95% would make again
Sheet Tray Fajitas Rice Bowl
featured in One-Pan Meals Under 500 Calories
for 1 serving
- ¼ cup brown rice (50 g)
- 1 teaspoon salt, divided
- ¾ cup water (180 mL)
- 4 oz flank steak (115 g), thinly sliced
- 1 small red onion, thinly sliced
- 1 red bell pepper, thinly sliced lengthwise
- 1 tablespoon lime juice
- 1 teaspoon onion powder
- ¾ teaspoon chili powder
- ½ teaspoon ground black pepper
- 2 tablespoons fresh cilantro, chopped
- 1 lime, cut into wedges
- Calories 590
- Fat 11g
- Carbs 86g
- Fiber 10g
- Sugar 17g
- Protein 40g
Estimated values based on one serving size.

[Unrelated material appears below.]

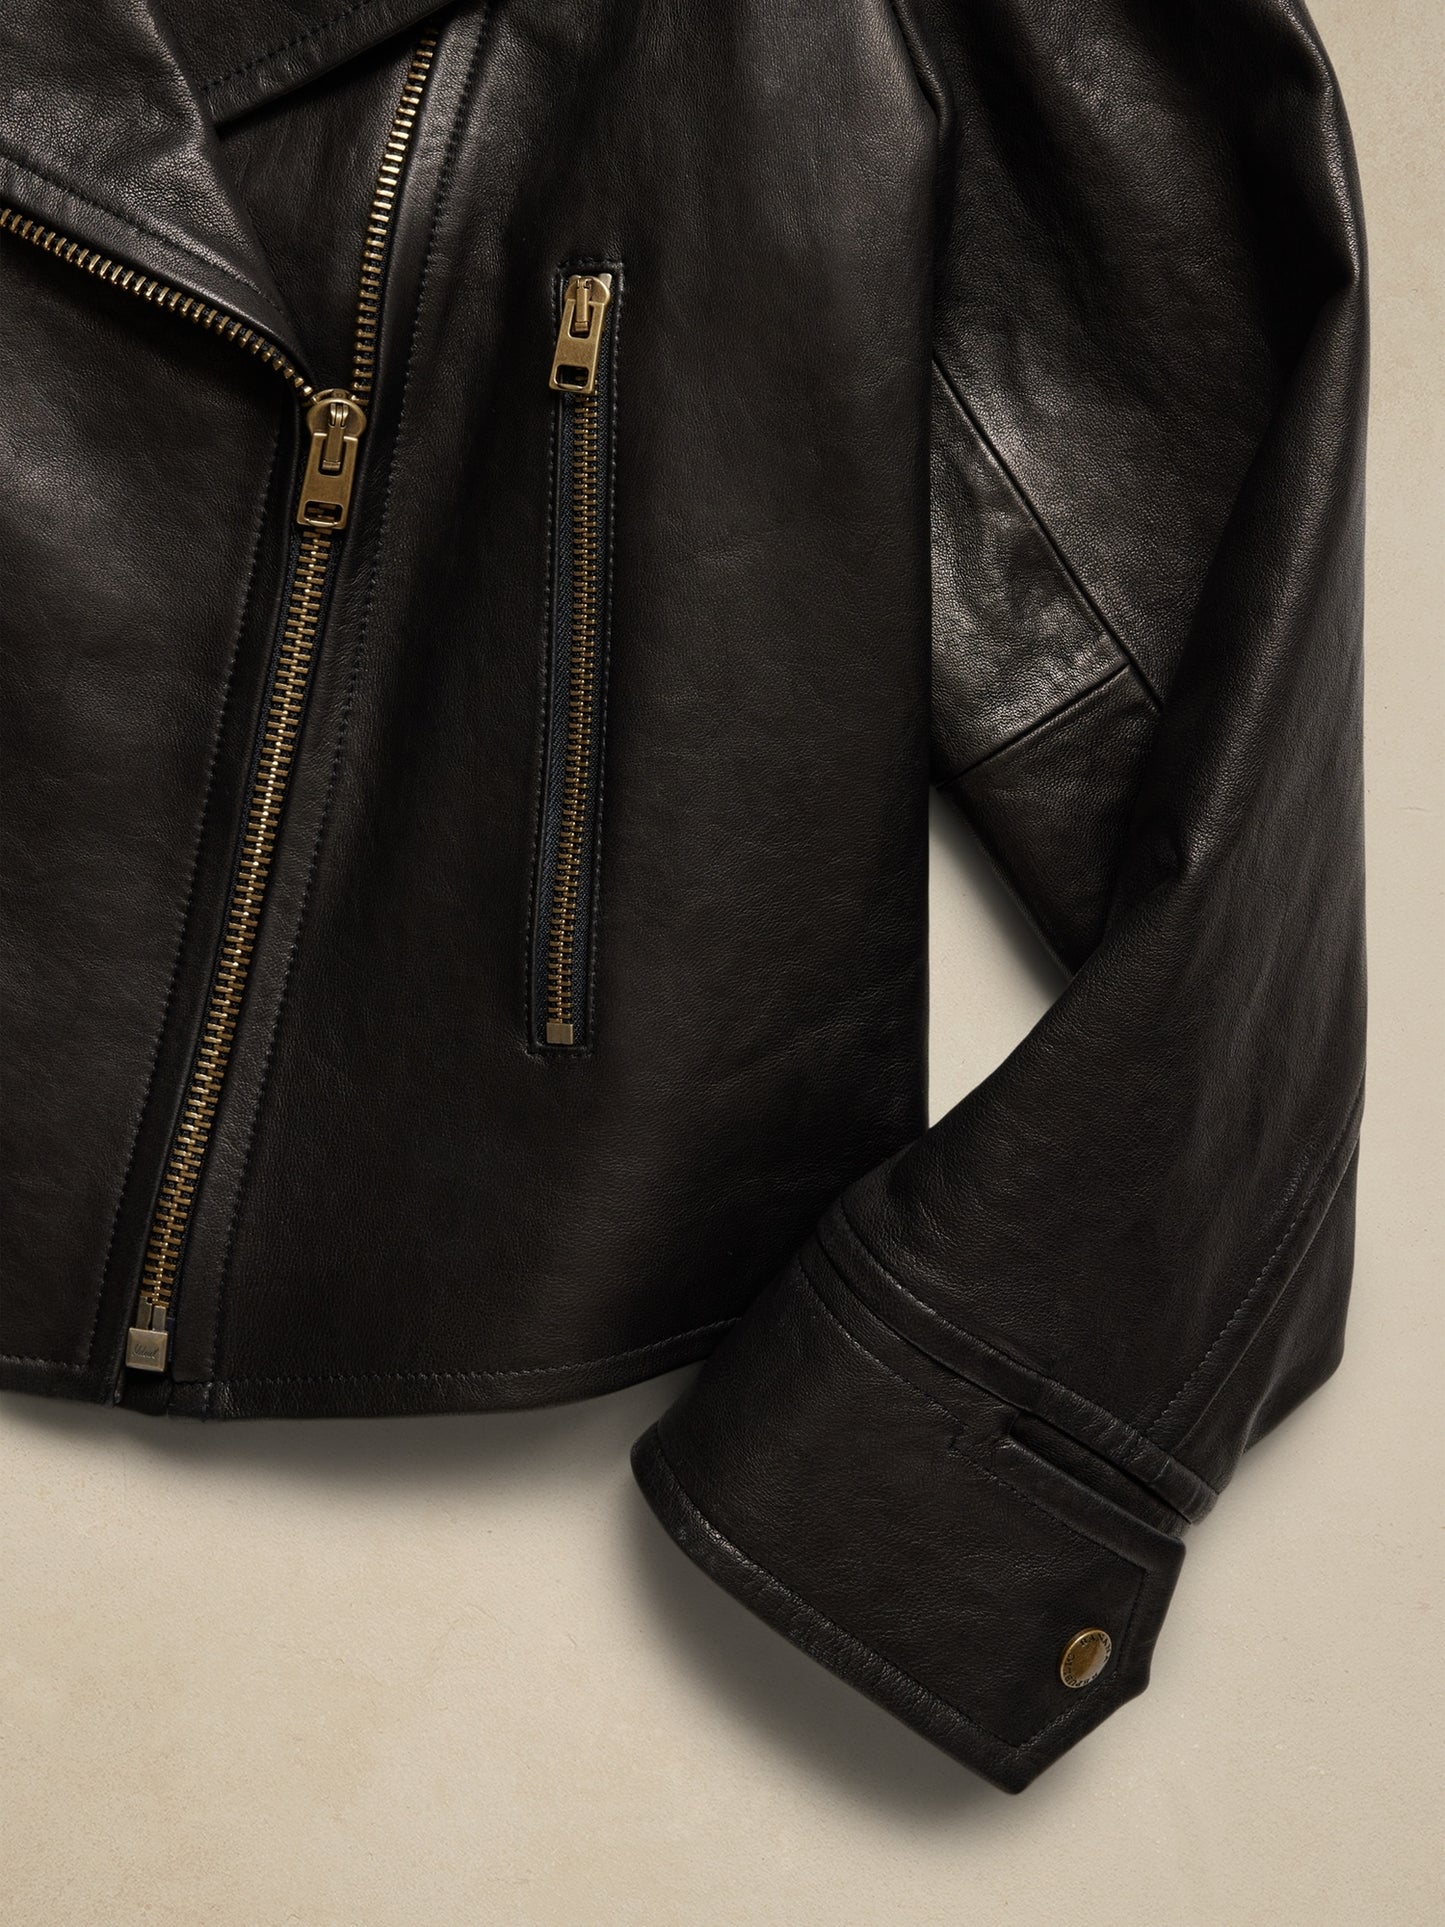 Enola Leather Moto Jacket

- Preheat oven to 450˚F (230˚C).
- Place the rice in a sieve and rinse under cold water to remove excess starch.
- Transfer the rice to a small pot with salt and water and bring to a boil over high heat. Reduce to a simmer, put a lid on, and cook until water is absorbed, about 45 minutes.
- In a bowl, add the skirt steak, red onion, bell pepper, lime juice, onion powder, chili powder, black pepper, and remaining salt and toss until well combined.
- Transfer to a parchment paper-lined sheet tray and bake for 12 to 15 minutes.
- Serve steak over rice and top with cilantro and lime wedges.